W czasie wojny wojsko musiało jeść, pić, ubrać się, uzupełnić zniszczone uzbrojenie, gdzieś przenocować. W XVII w. nie było koszar, magazynów, skarb stale świecił pustkami. Radzono sobie jak umiano. Hetman wielki miał prawo jednostkom naznaczać różne majątki, by w nich mogły się one zatrzymać i wybrać żywność i zaopatrzenie na określoną sumę pieniędzy, z surowymi zastrzeżeniami, by nic ponad to żołnierze nie wybierali i poddanych nie krzywdzili. Jak często wyglądały efekty takich odwiedzin, pokazuje chociażby przykład starostwa krzyczewskiego, będącego w rękach Katarzyny Sobieskiej Radziwiłłowej, a od 1688 r. jej syna Karola Radziwiłła.
NGAB, F. 694, op. 4, nr 1155, k. 283v-284
„Takoweż pustki i w drugich wsiach, których i zliczyć niepodobno więcej niźli na półtrzecia sta [250] widziałem.

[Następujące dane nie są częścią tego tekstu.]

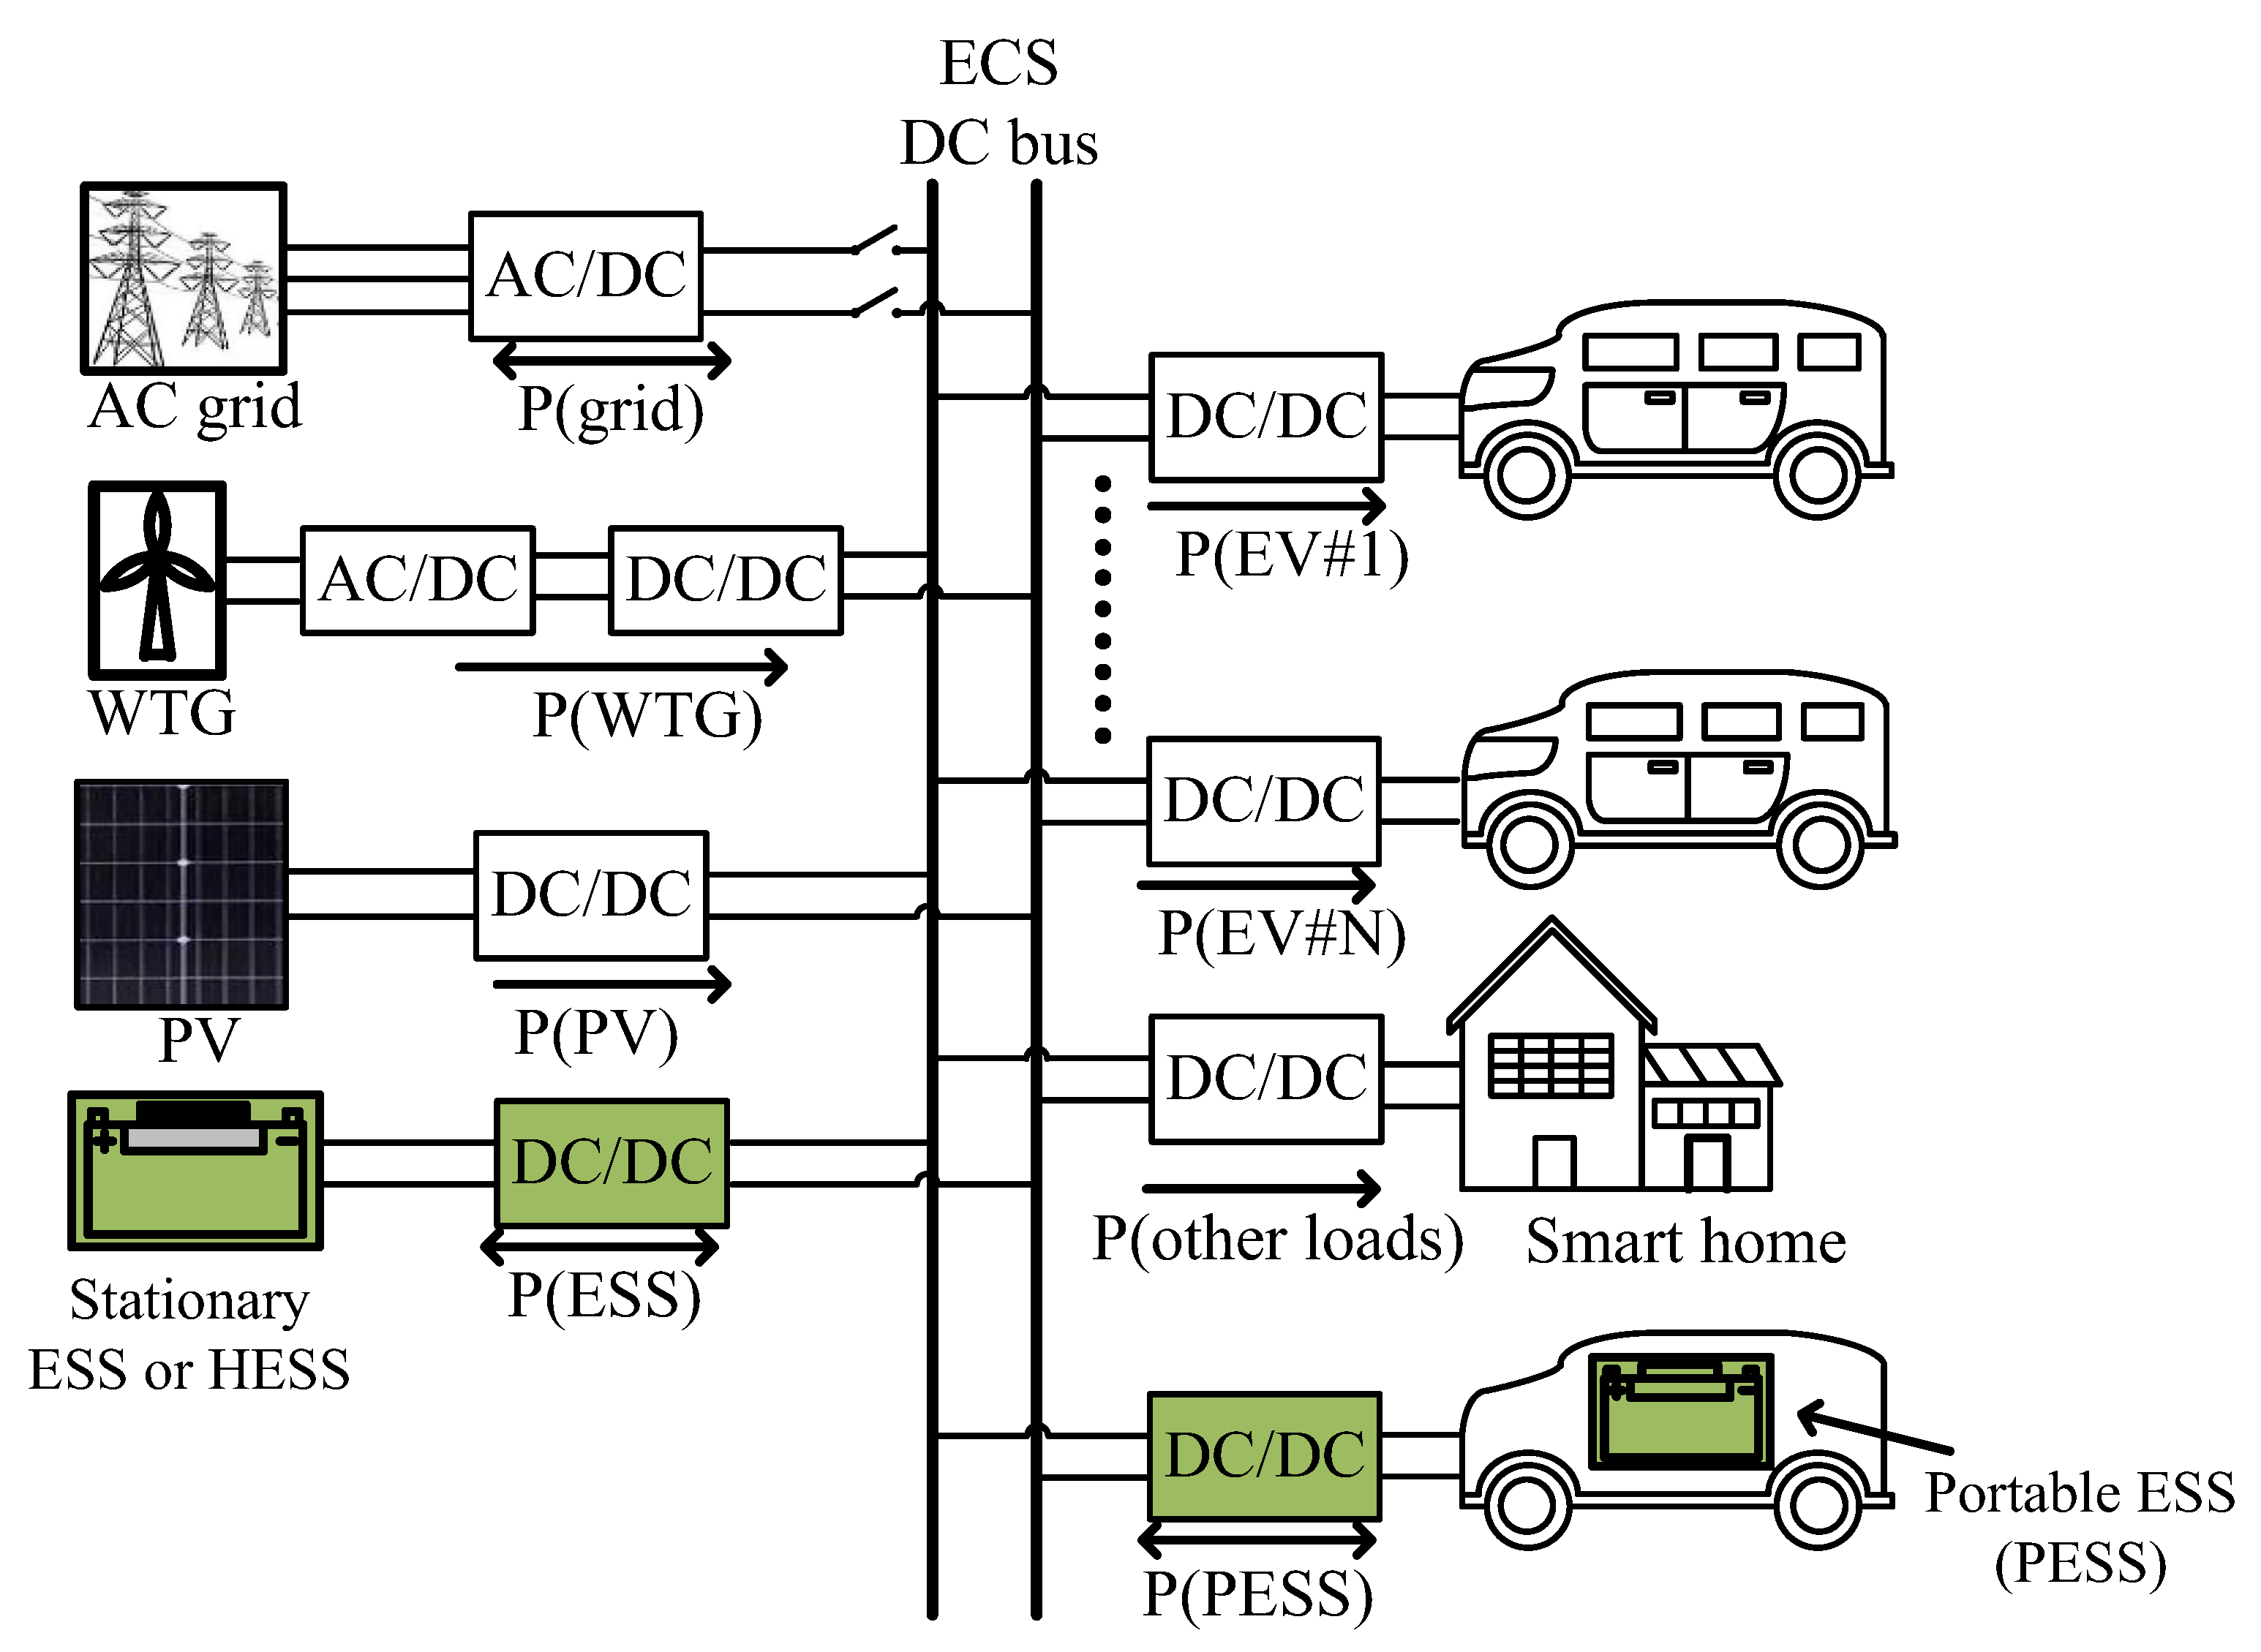 ECS - Electronic Car System

Młyny i stawy funditus [całkowicie] zrujnowane, karczmy wszytkie spustoszone, znaki odbijania kleci i swirnów i innych różnych exactij [zniszczeń, rabunków], zbytków i excesów [przestępstw] popełnionych. Owo zgoła miasto i starostwo krzyczewskie funditus jako przez nieprzyjaciela zrujnowane i spustoszone i chaty puste rozeszłych chłopów zagranicę moskiewską i kozacką na różne miejsca widziałem i oglądałem”.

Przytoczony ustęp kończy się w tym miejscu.